While research from 1960s to 1980s used techniques such as visual search to distinguish between distributed versus focal attention and to investigate the role of focal attention in perceptual grouping, Mack, Rock, and colleagues returned to the methods used in 1950s to investigate whether grouping occurs in the “complete absence” of (as opposed to distributed) attention (Mack et al., 1992). In a search paradigm, observers look actively for a pre-defined or an odd target. In Gestalt terminology, this would represent a pre-established attitude, a general form of attention (in current literature it is termed distributed attention). Typical methods to minimize the effects of attitudes or distributed attention consist of giving “decoy” or “cover” tasks to the observer and have them report their perception indirectly (e.g., Krech & Calvin, 1953) or by surprise questions (e.g., Köhler & Adams, 1958; Mack et al., 1992; Rock et al., 1992). Using the latter methodology, Mack et al. reported that texture segregation, and similarity grouping by lightness and proximity do not occur in the absence of attention. Their findings are in agreement with the earlier reports that attributed the lack of grouping under conditions of “inattention” to the tendency of larger organizations to suppress more articulated organizations (Köhler & Adams, 1958) or to a preference of homogenous configurations over more differentiated ones (Krech & Calvin, 1953). A study using a dual-task methodology also provided support for the finding that perceptual grouping by proximity and similarity requires attentional resources (Barchilon Ben-av et al., 1992).

One shortcoming of methods using decoy/cover tasks is that, since observers are given surprise questions after the presentation of the stimulus, they have to rely on memory to report their perception. As a result, it is not clear to which extent their reports are influenced and/or limited by memory mechanisms (Rock et al., 1992; Moore & Egeth, 1997). To circumvent this problem, Moore & Egeth (1997) used an implicit-measure approach where the task of the observers was to judge the length of line segments. These line segments were presented along with background elements which were irrelevant to the task according to task description given to the observers. However, background elements were arranged so that, if perceptually grouped, they could create length illusions (Müller-Lyer or Ponzo illusions). Thus, observers' length judgments would reflect whether or not unattended background elements were perceptually grouped. Using this method, Moore and Egeth provided evidence that grouping occurs without attention and suggested that grouping failures reported in earlier studies may be due to failures of memory. Subsequent studies supported these findings (Chan & Chua, 2003; Russell & Driver, 2005; Lamy et al., 2006; Shomstein et al., 2010).

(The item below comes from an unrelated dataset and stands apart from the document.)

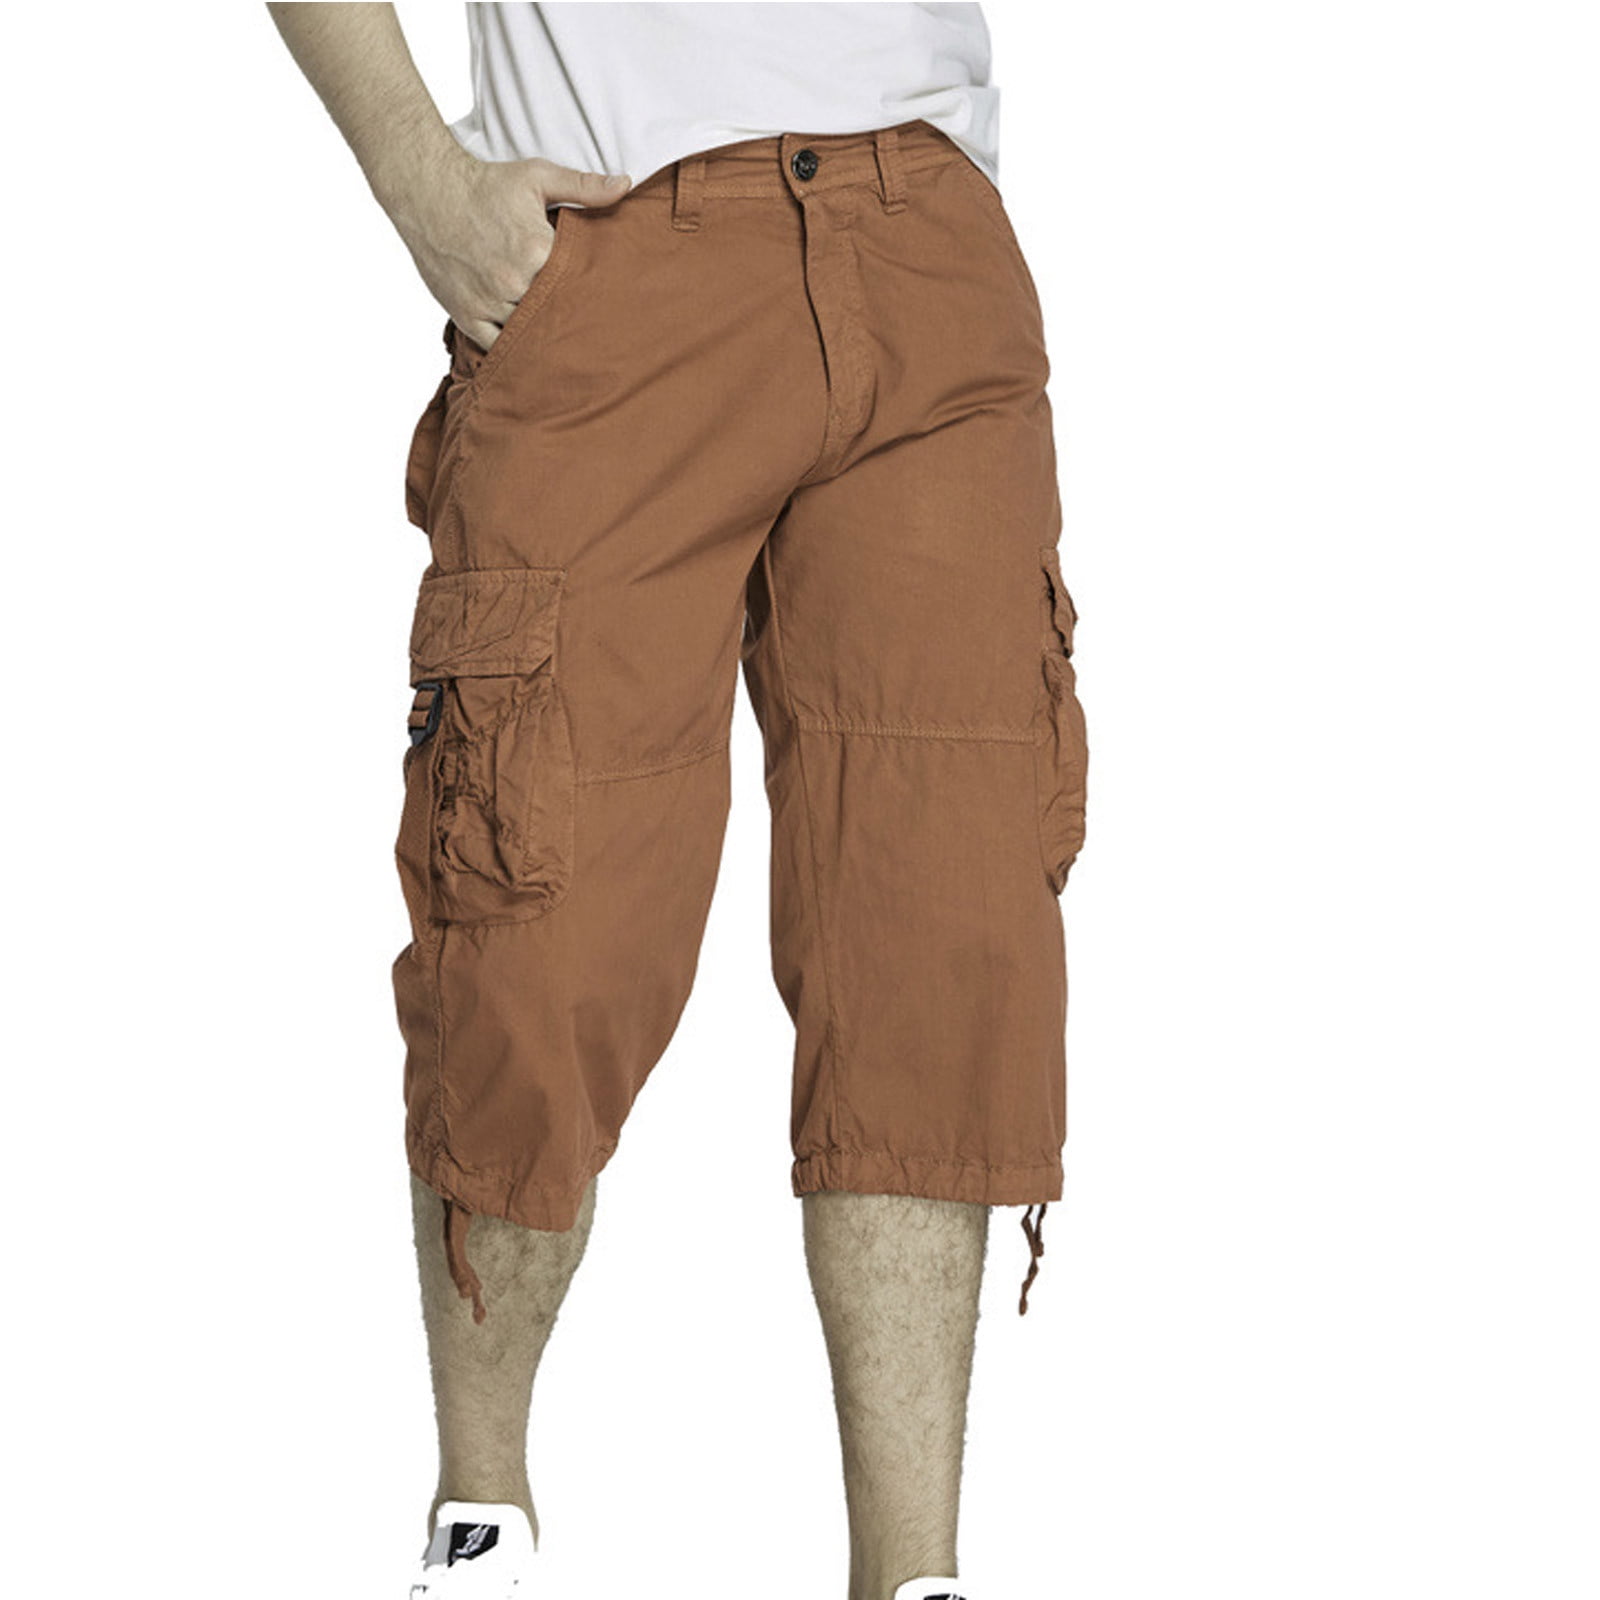 jsaierl Mens Cargo Shorts Plus Size Multi Pockets Shorts Work Combat ...

Based on the review above, findings about whether grouping occurs before or after attention may appear contradictory. However, this apparent contradiction ceases to be valid if we note that explicit and implicit measures may be tapping at different levels and processes. In fact, a similar situation exists in visual masking where a mask stimulus can render a target stimulus “invisible” as measured by direct methods. Yet, it can be shown by indirect methods that this invisible target stimulus, which fails to reach the observer's awareness, can nevertheless prime other stimuli (e.g., Ansorge et al., 1998; Breitmeyer, et al., 2004, 2005; Klotz & Wolff, 1995; Vorberg et al., 2003). These findings have been explained by a theoretical view according to which stimuli are processed in parallel and interacting pathways at multiple levels of complexity (e.g., Breitmeyer et al., 2004, 2005). The failure to reach awareness does not imply that the stimulus has not been processed elsewhere in the visual system. In fact, in the context of grouping, it has been shown that, even when using implicit measures, not all groupings occur automatically in the absence of attention; instead the complexity of the grouping may dictate the attentional resources required (Kimchi & Razpurker-Apfeld, 2004).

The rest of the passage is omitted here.